Parameters affecting indexing performance and resource usage

idxflushmb

Threshold (megabytes of new data) where we flush from memory to disk index. Setting this allows some control over memory usage by the indexer process. A value of 0 means no explicit flushing, which lets Xapian perform its own thing, meaning flushing every $XAPIAN_FLUSH_THRESHOLD documents created, modified or deleted: as memory usage depends on average document size, not only document count, the Xapian approach is is not very useful, and you should let Recoll manage the flushes. The program compiled value is 0. The configured default value (from this file) is 10 MB, and will be too low in many cases (it is chosen to conserve memory). If you are looking for maximum speed, you may want to experiment with values between 20 and 200. In my experience, values beyond this are always counterproductive.

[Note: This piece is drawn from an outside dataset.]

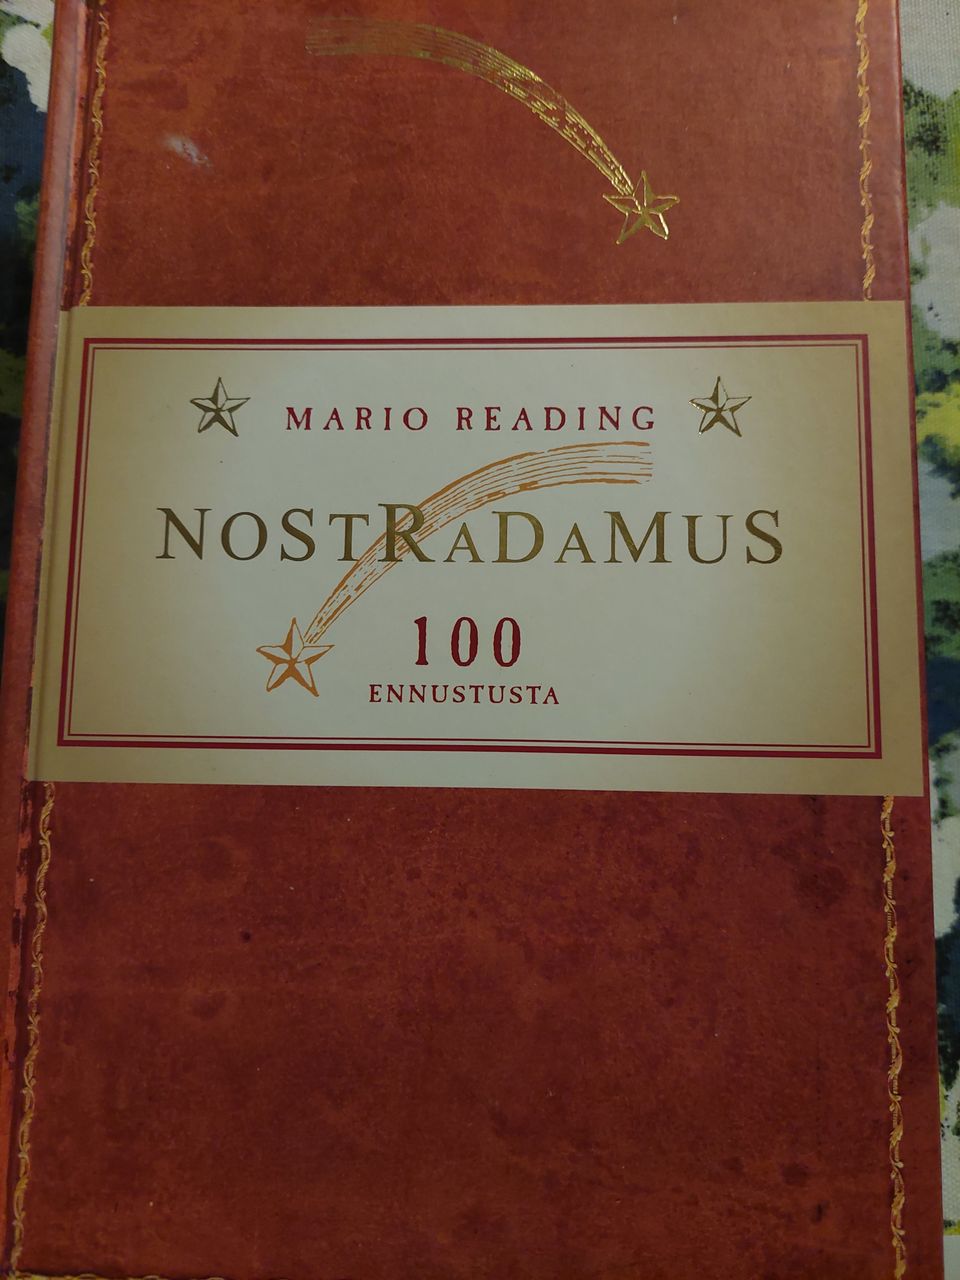 Nostradamus 100 ennustusta

If you find otherwise, please drop me a note.

filtermaxseconds

Maximum external filter execution time in seconds. Default 1200 (20mn). Set to 0 for no limit. This is mainly to avoid infinite loops in postscript files (loop.ps)

filtermaxmbytes

Maximum virtual memory space for filter processes (setrlimit(RLIMIT_AS)), in megabytes. Note that this includes any mapped libs (there is no reliable Linux way to limit the data space only), so we need to be a bit generous here. Anything over 2000 will be ignored on 32 bits machines.

thrQSizes

Stage input queues configuration. There are three internal queues in the indexing pipeline stages (file data extraction, terms generation, index update). This parameter defines the queue depths for each stage (three integer values). If a value of -1 is given for a given stage, no queue is used, and the thread will go on performing the next stage. In practise, deep queues have not been shown to increase performance. Default: a value of 0 for the first queue tells Recoll to perform autoconfiguration based on the detected number of CPUs (no need for the two other values in this case). Use thrQSizes = -1 -1 -1 to disable multithreading entirely.

thrTCounts

Number of threads used for each indexing stage. The three stages are: file data extraction, terms generation, index update). The use of the counts is also controlled by some special values in thrQSizes: if the first queue depth is 0, all counts are ignored (autoconfigured); if a value of -1 is used for a queue depth, the corresponding thread count is ignored. It makes no sense to use a value other than 1 for the last stage because updating the Xapian index is necessarily single-threaded (and protected by a mutex).